## ASSIGNMENT
Would you copy exactly the lines in the data below from the one that has "Brahe dreieckige Sextant, etwa" through the one that has "Photo of Master", dropping any pictures?

## RECORDS SHOWN
⟨

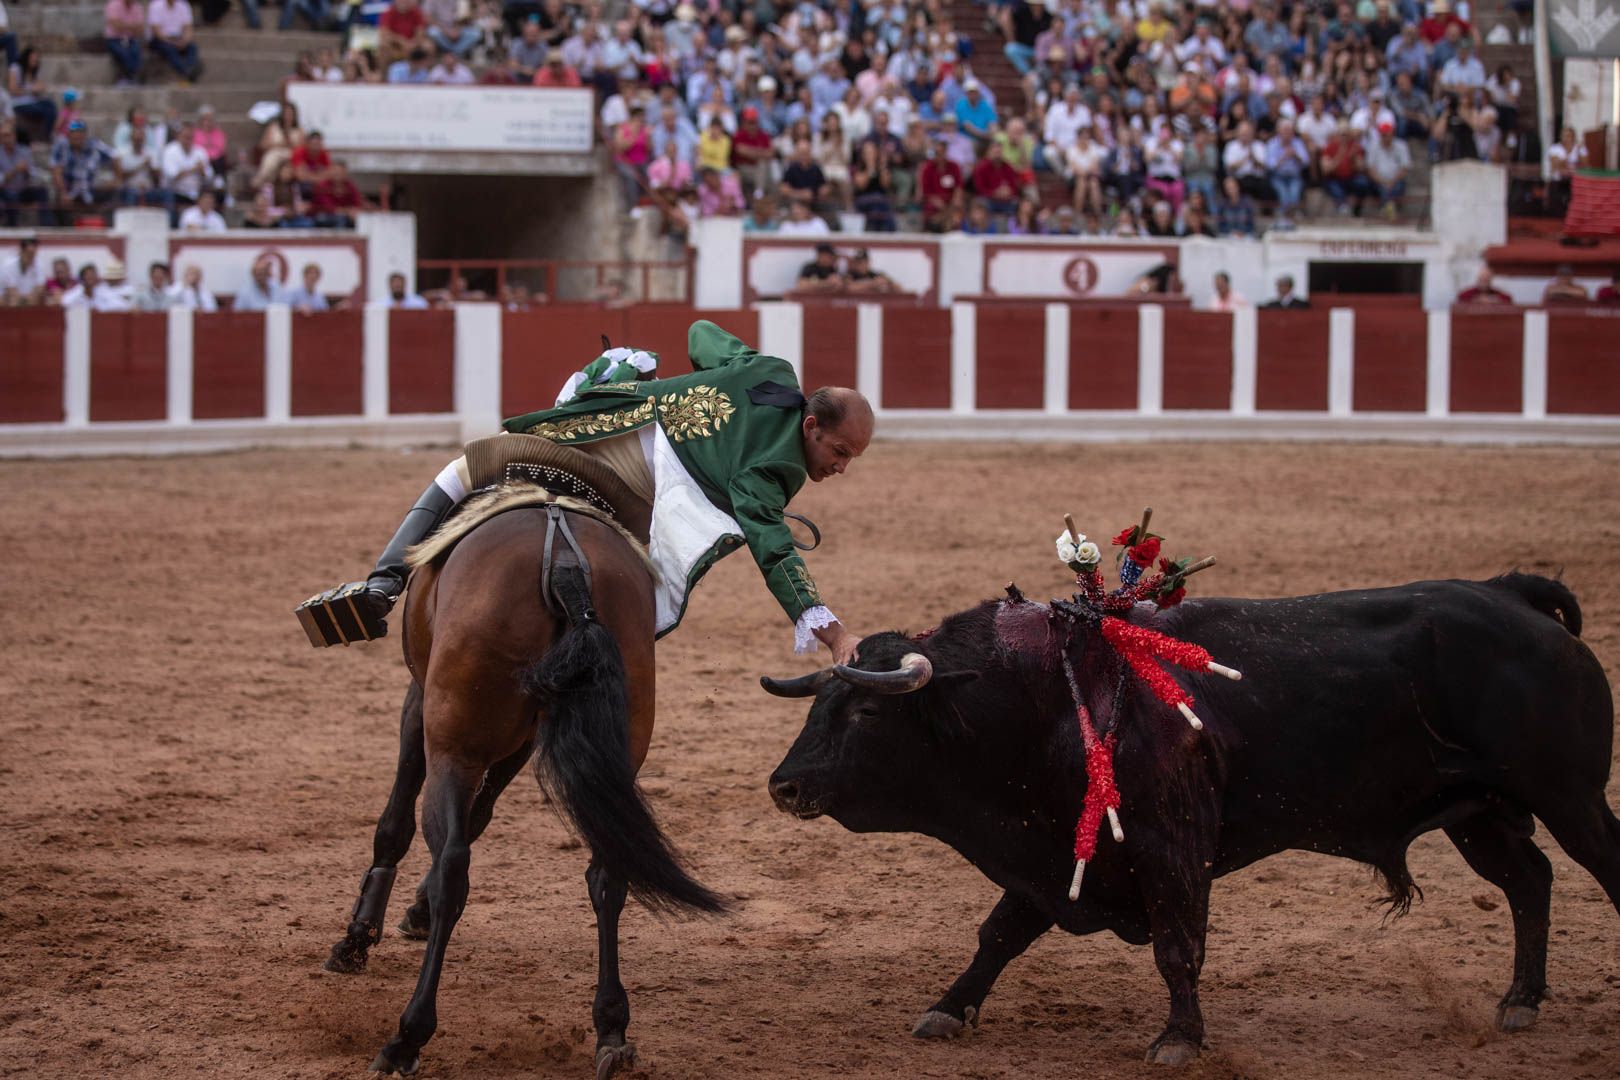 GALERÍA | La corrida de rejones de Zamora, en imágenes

⟩
⟨

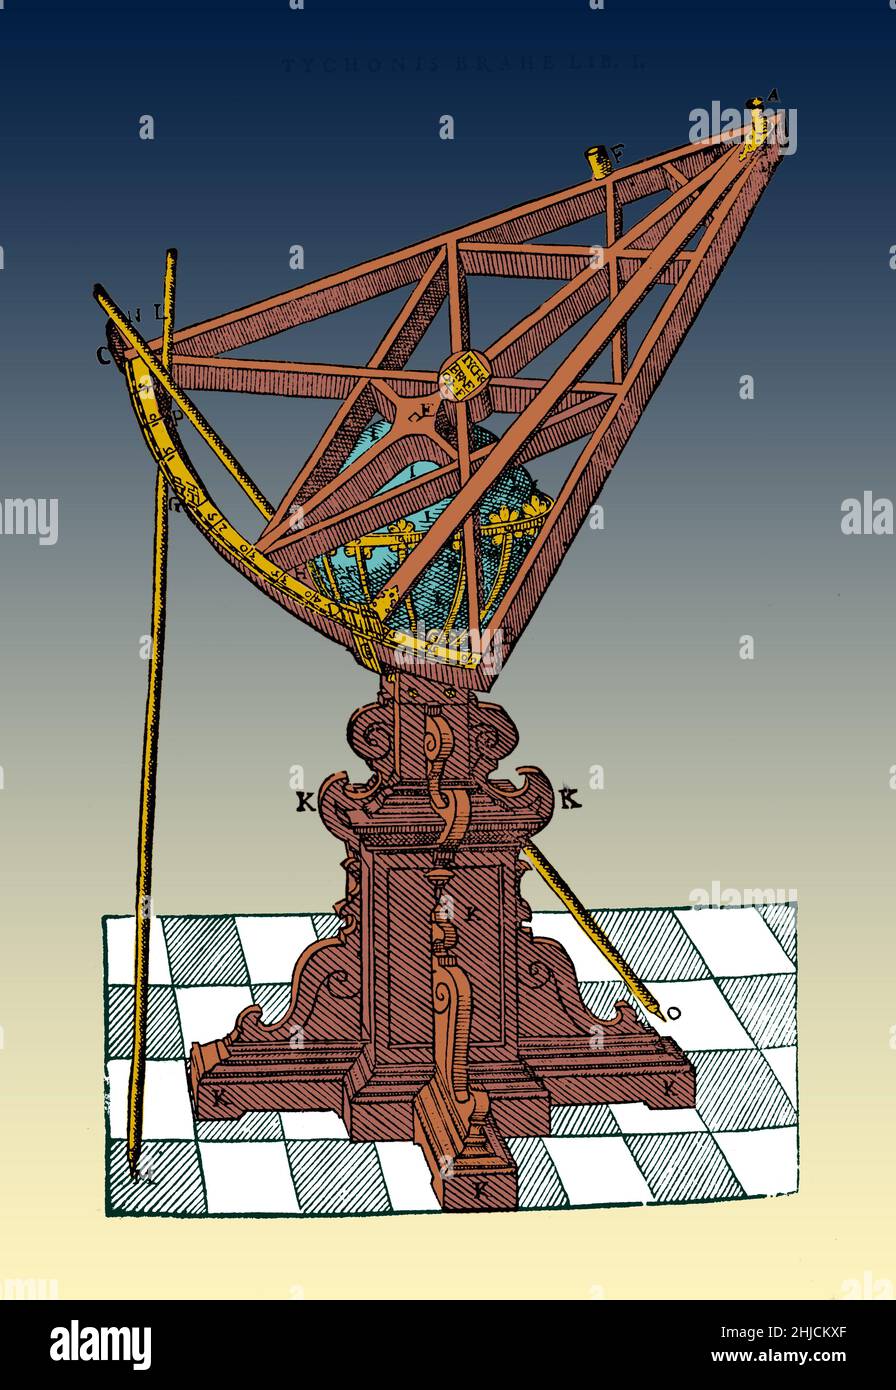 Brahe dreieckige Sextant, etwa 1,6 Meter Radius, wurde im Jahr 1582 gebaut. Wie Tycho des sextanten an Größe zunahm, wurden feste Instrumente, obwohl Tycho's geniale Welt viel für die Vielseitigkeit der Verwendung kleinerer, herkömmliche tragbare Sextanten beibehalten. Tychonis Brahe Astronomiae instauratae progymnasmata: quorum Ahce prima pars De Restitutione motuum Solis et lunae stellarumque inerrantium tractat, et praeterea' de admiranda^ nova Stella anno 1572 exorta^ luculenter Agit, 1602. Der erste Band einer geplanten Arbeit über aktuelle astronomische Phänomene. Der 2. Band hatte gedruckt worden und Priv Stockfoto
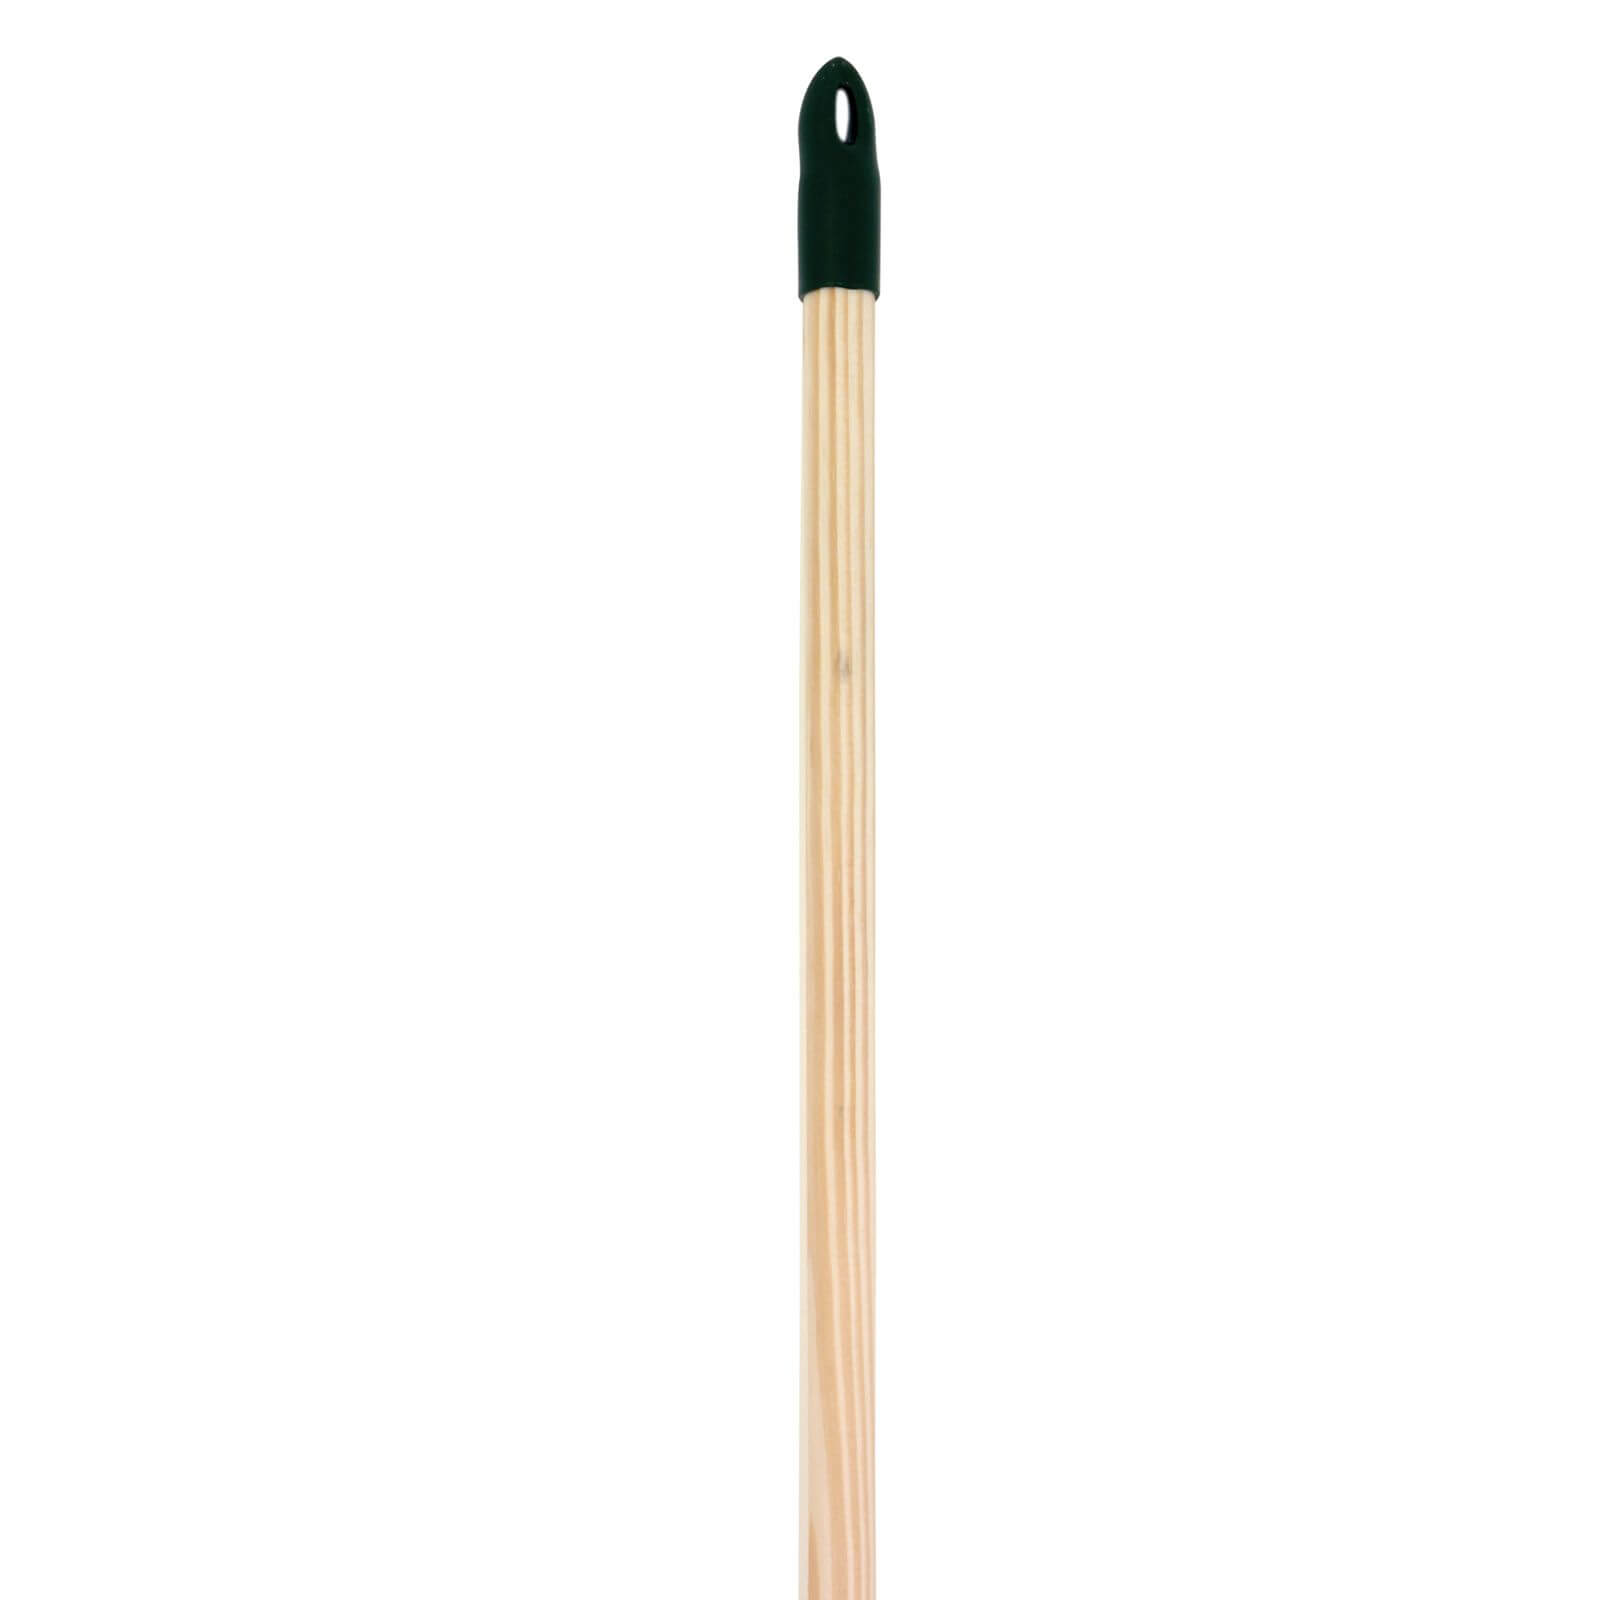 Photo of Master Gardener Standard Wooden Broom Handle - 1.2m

⟩
⟨

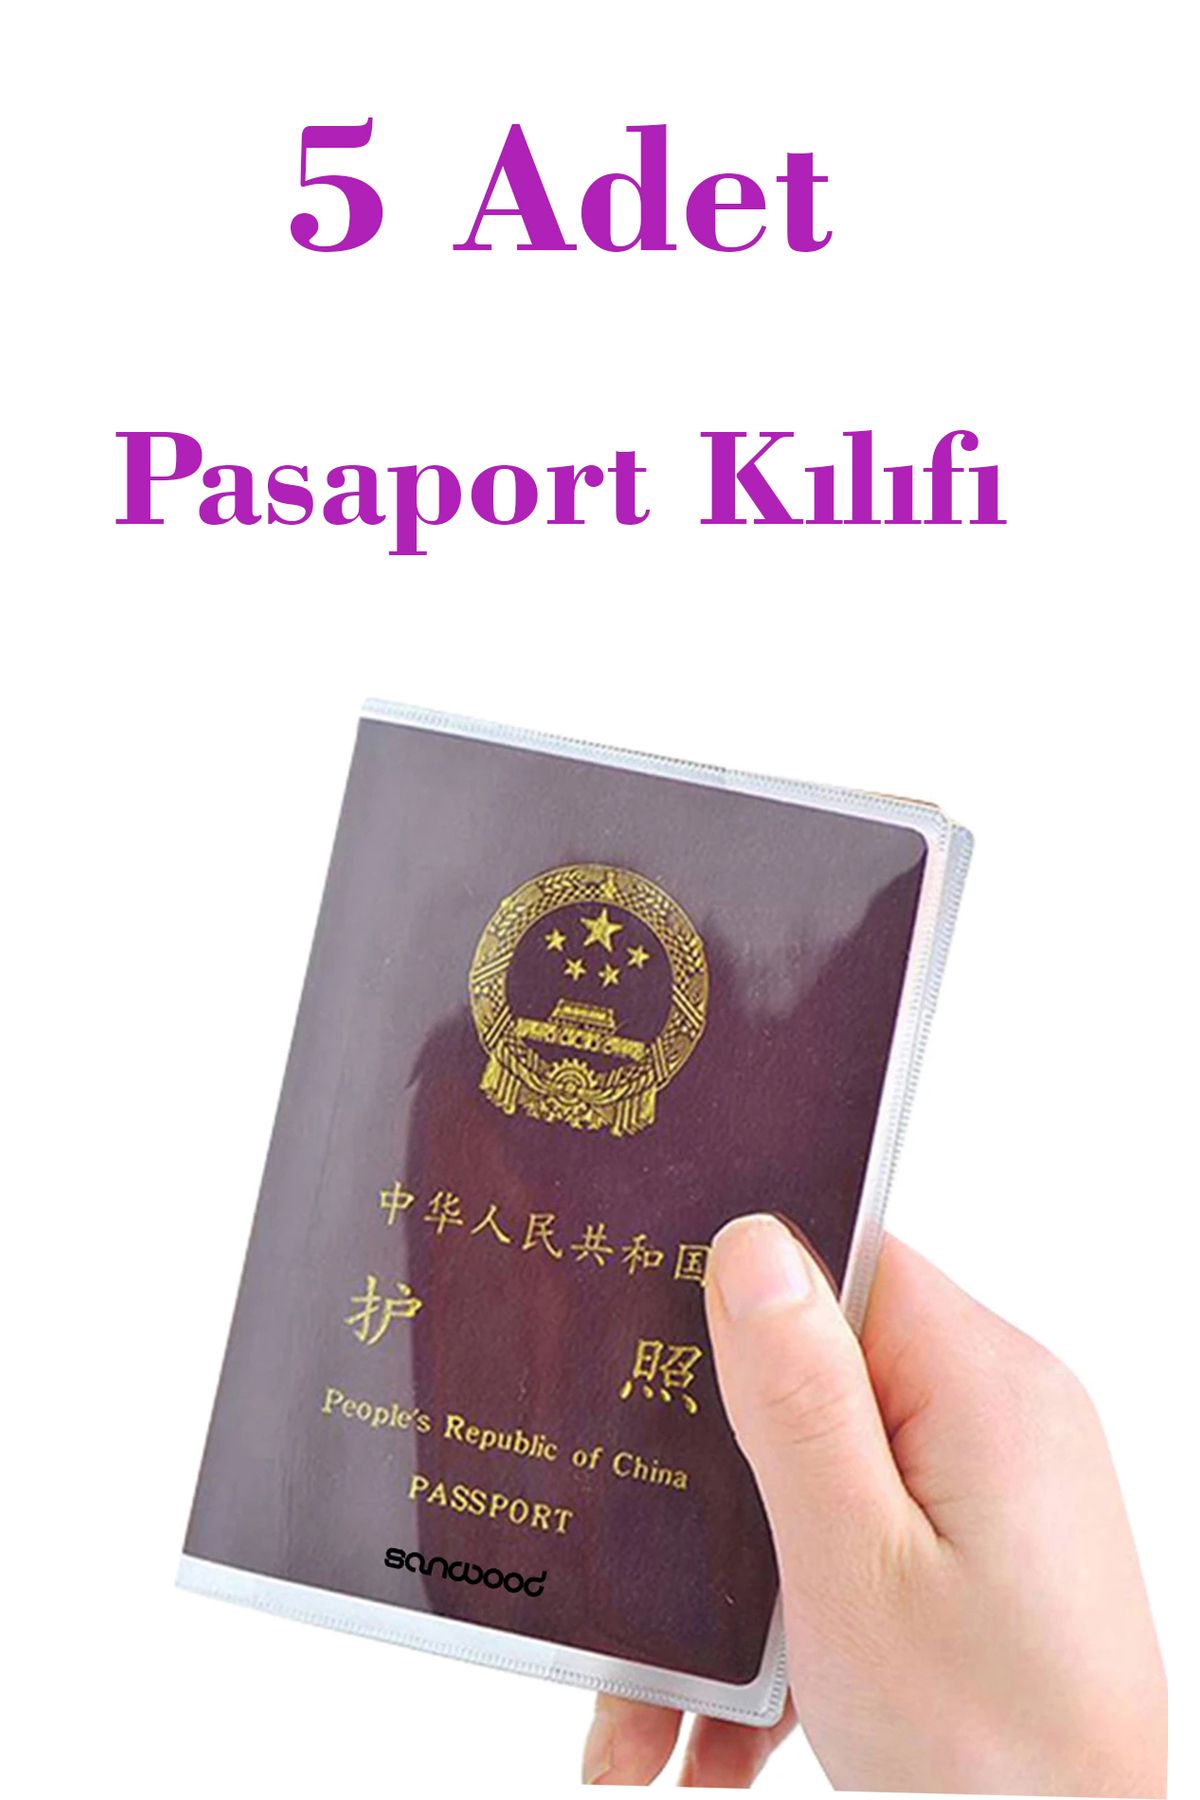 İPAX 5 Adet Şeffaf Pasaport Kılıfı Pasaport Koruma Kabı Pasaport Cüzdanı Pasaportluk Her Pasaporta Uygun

⟩

## REPLY TO THE EXERCISE
 Brahe dreieckige Sextant, etwa 1,6 Meter Radius, wurde im Jahr 1582 gebaut. Wie Tycho des sextanten an Größe zunahm, wurden feste Instrumente, obwohl Tycho's geniale Welt viel für die Vielseitigkeit der Verwendung kleinerer, herkömmliche tragbare Sextanten beibehalten. Tychonis Brahe Astronomiae instauratae progymnasmata: quorum Ahce prima pars De Restitutione motuum Solis et lunae stellarumque inerrantium tractat, et praeterea' de admiranda^ nova Stella anno 1572 exorta^ luculenter Agit, 1602. Der erste Band einer geplanten Arbeit über aktuelle astronomische Phänomene. Der 2. Band hatte gedruckt worden und Priv Stockfoto
 Photo of Master Gardener Standard Wooden Broom Handle - 1.2m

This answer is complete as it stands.